--- Information shown ---
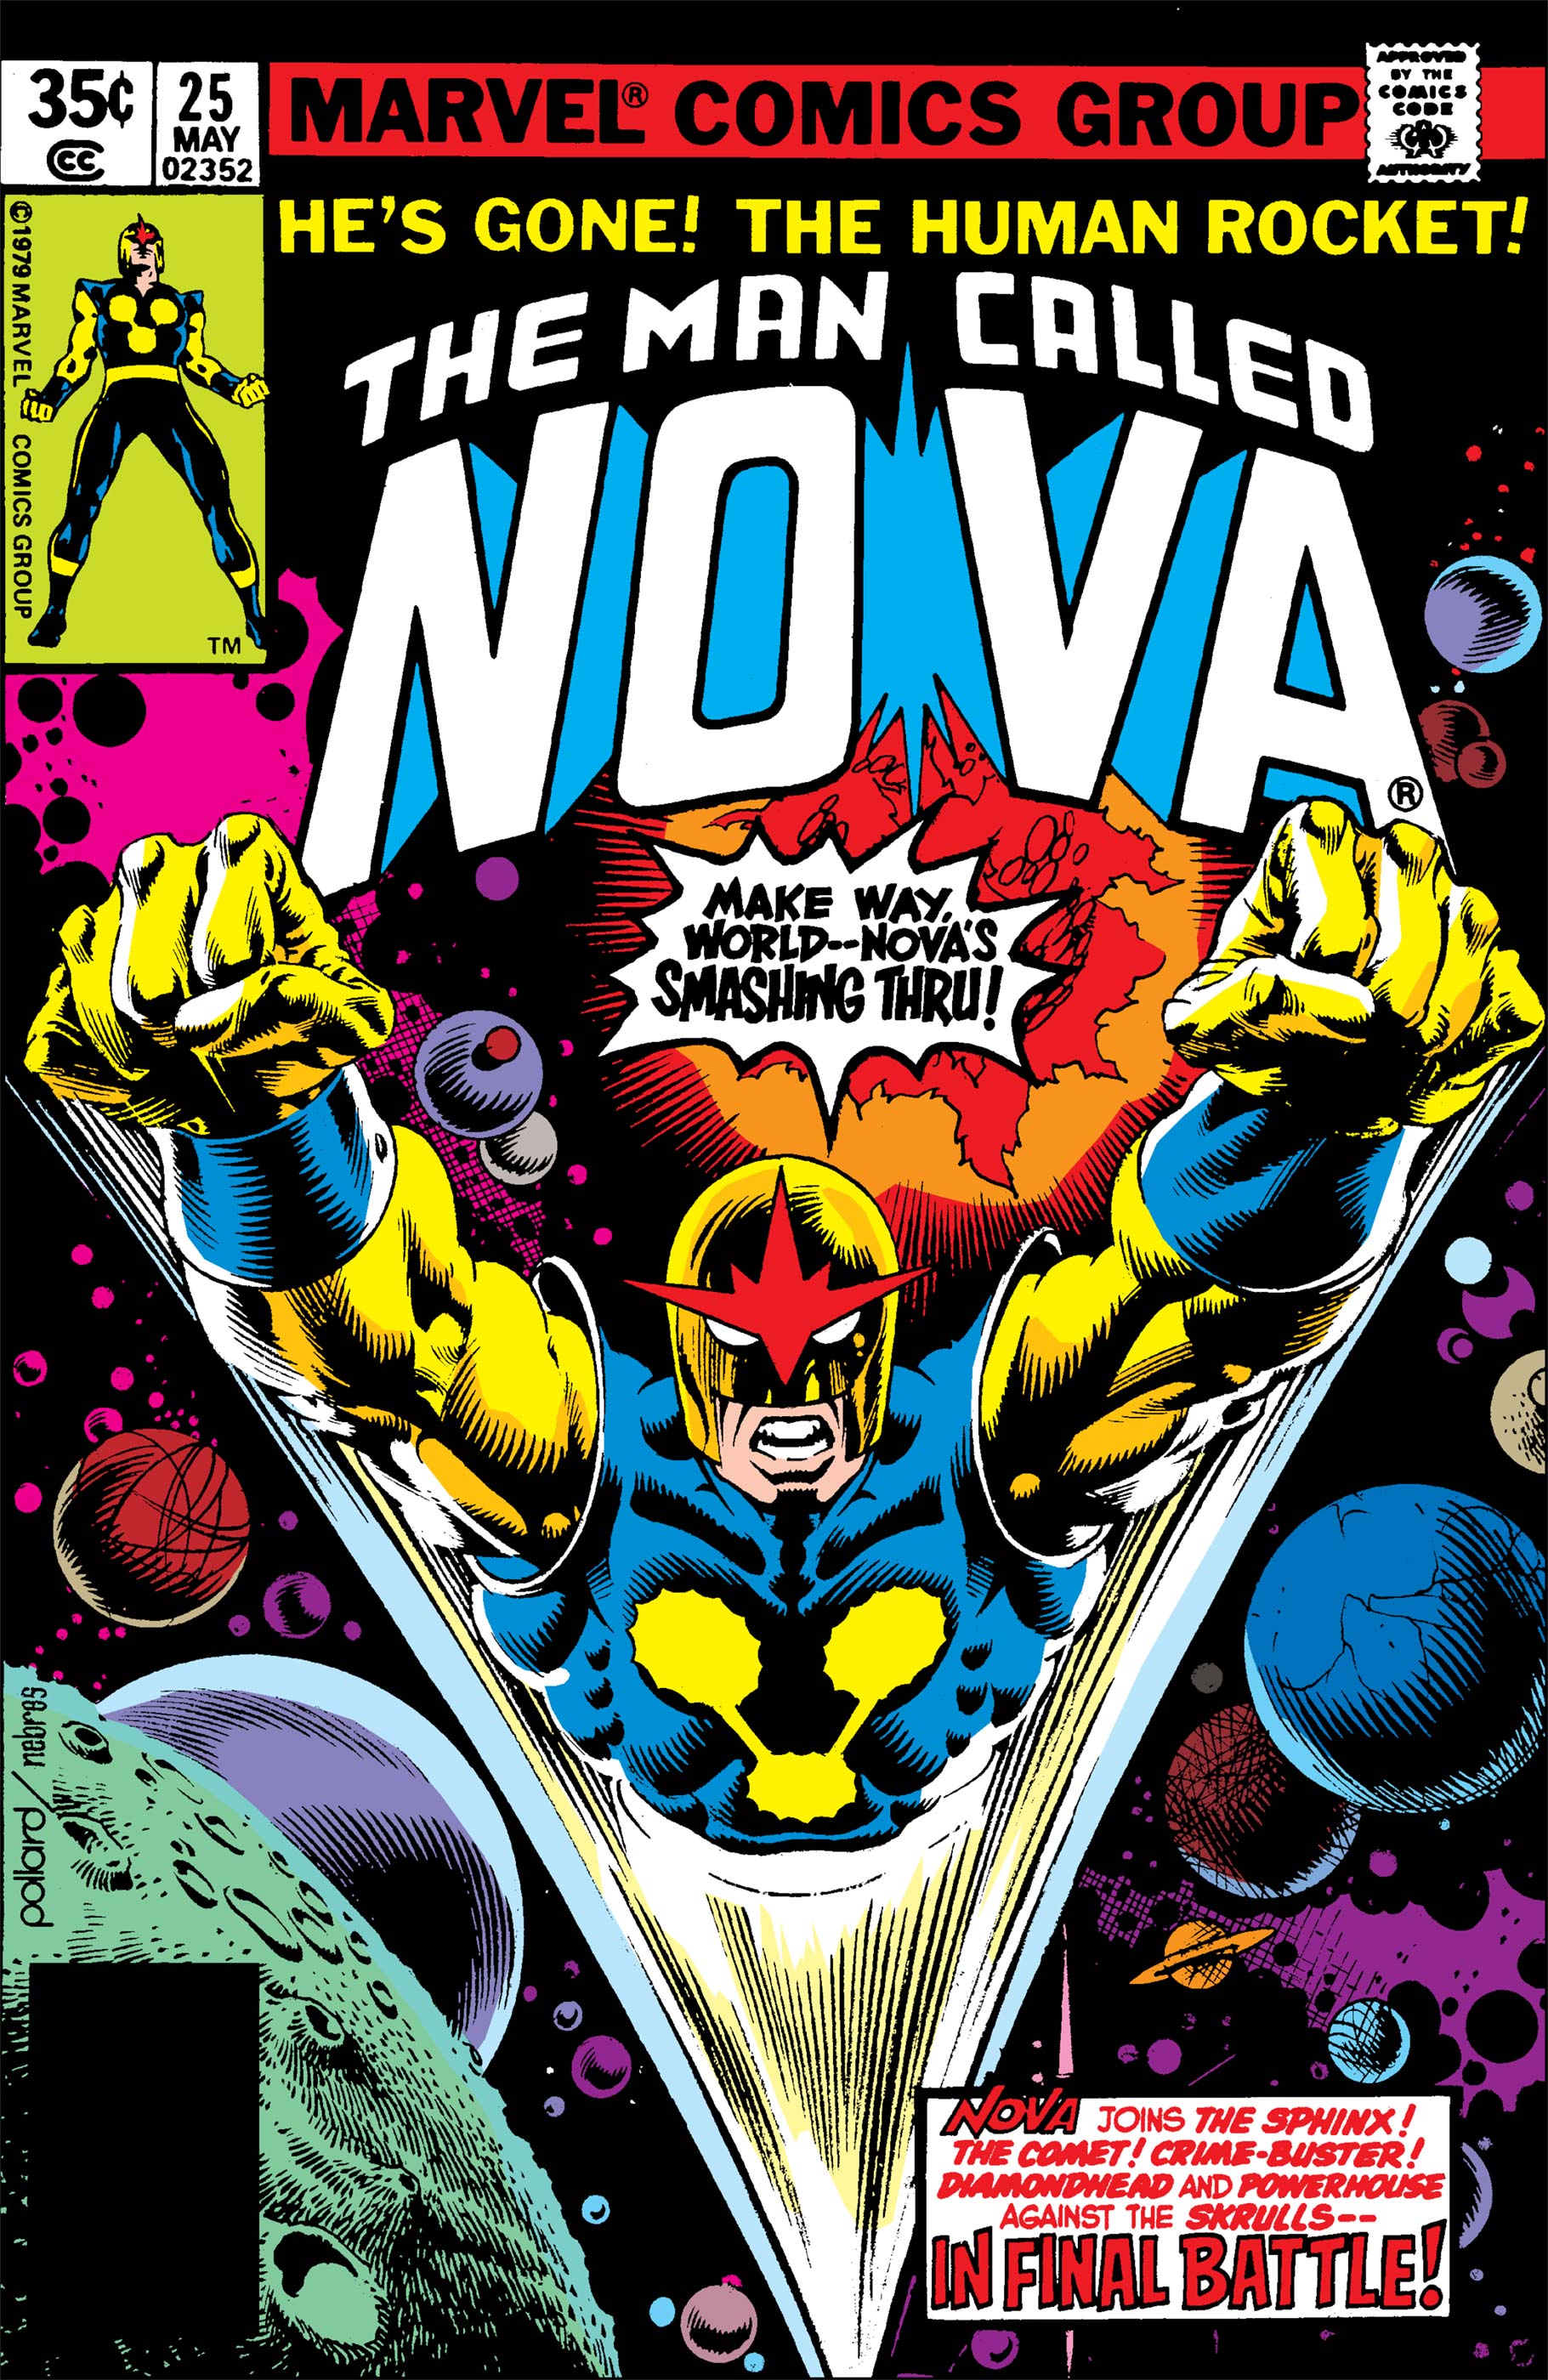 Nova (1976) #25
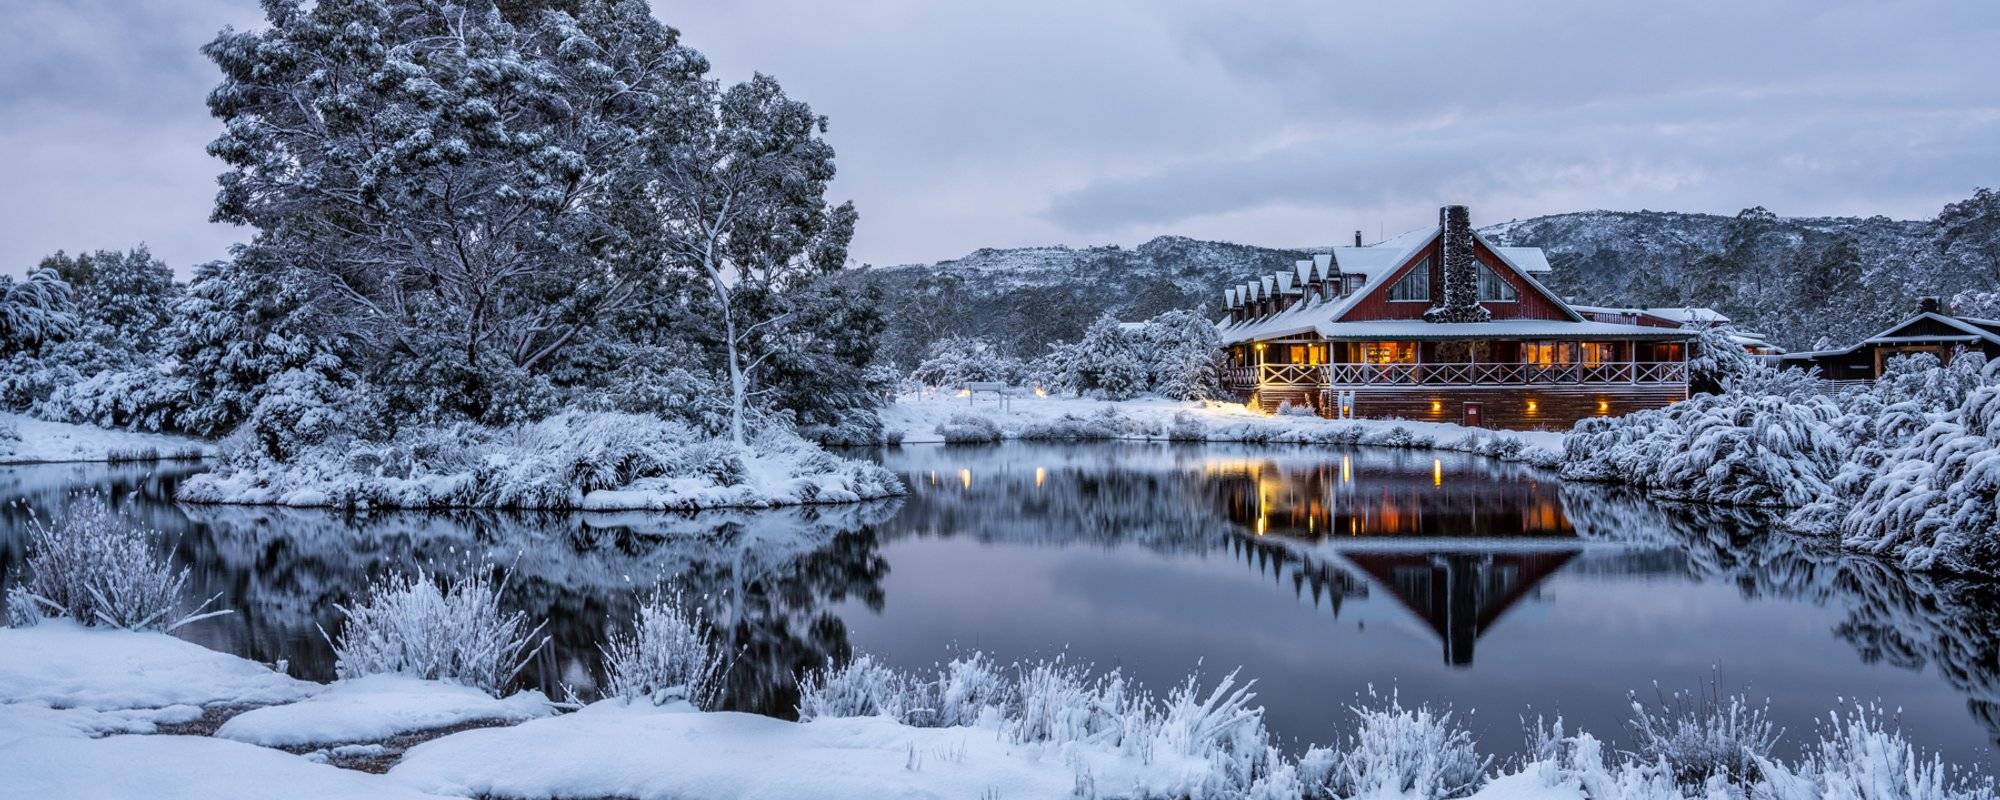 Winter in Tasmania, Australia (18 Photos)
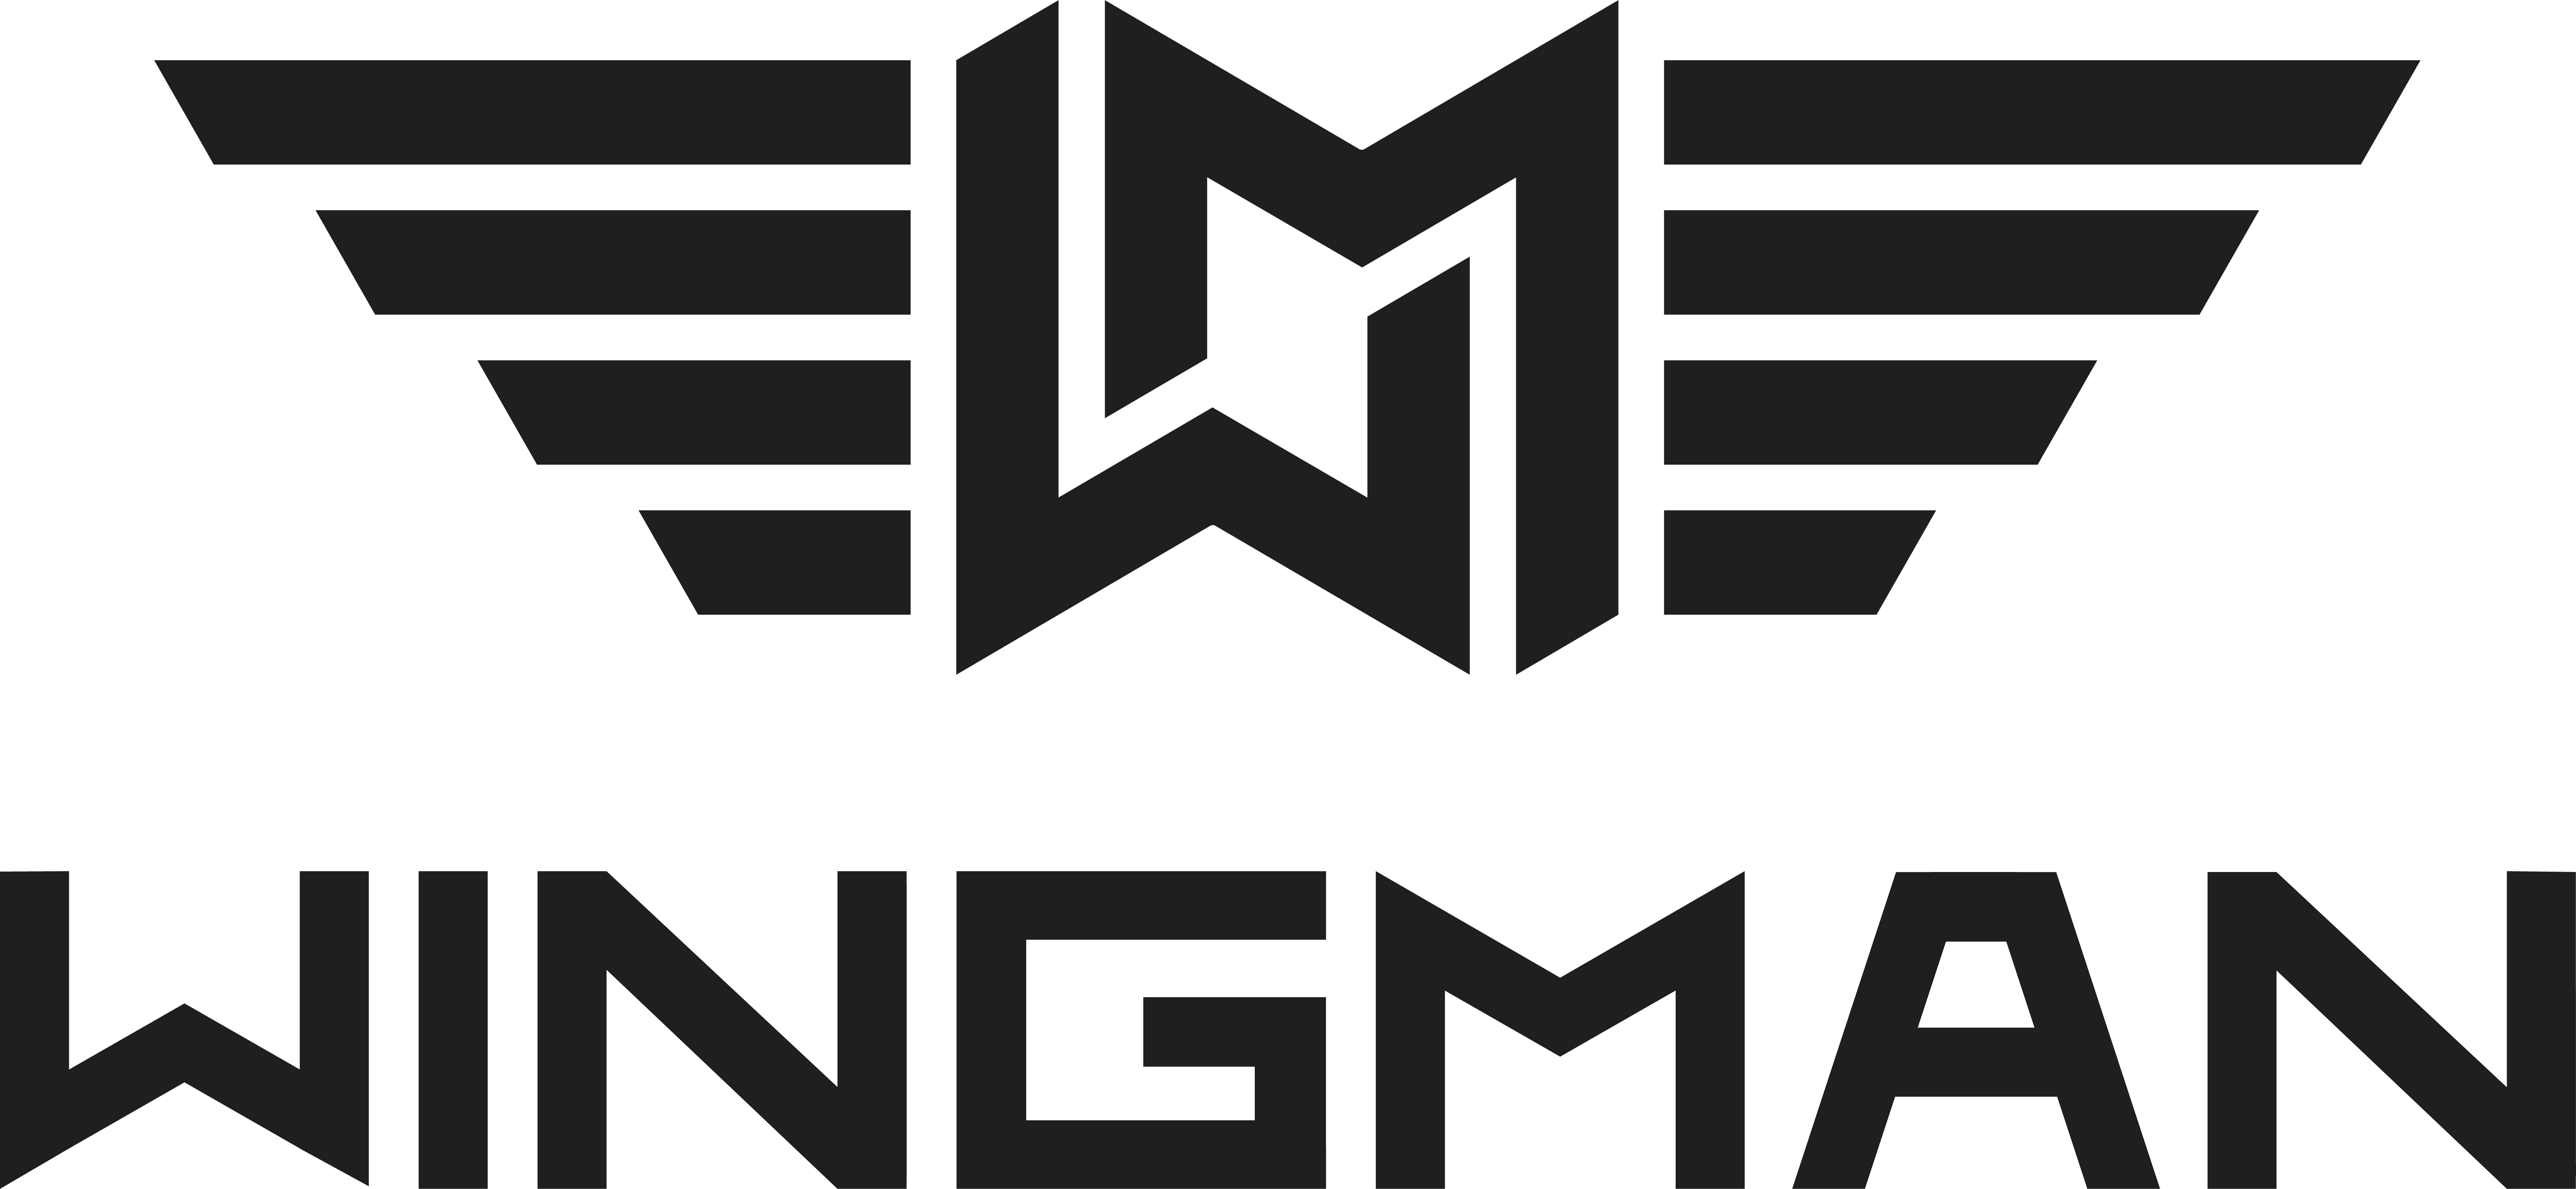 sekunda╠ürni╠ü logo - c╠îerna╠ü - PNG
---
*The task*. Where the line containing "Winter in Tasmania, Australia (18 Photos)" appears, begin writing out the lines word for word, and continue through the last line of the data, leaving out pictures.

*Problem solution*.
 Winter in Tasmania, Australia (18 Photos)
 sekunda╠ürni╠ü logo - c╠îerna╠ü - PNG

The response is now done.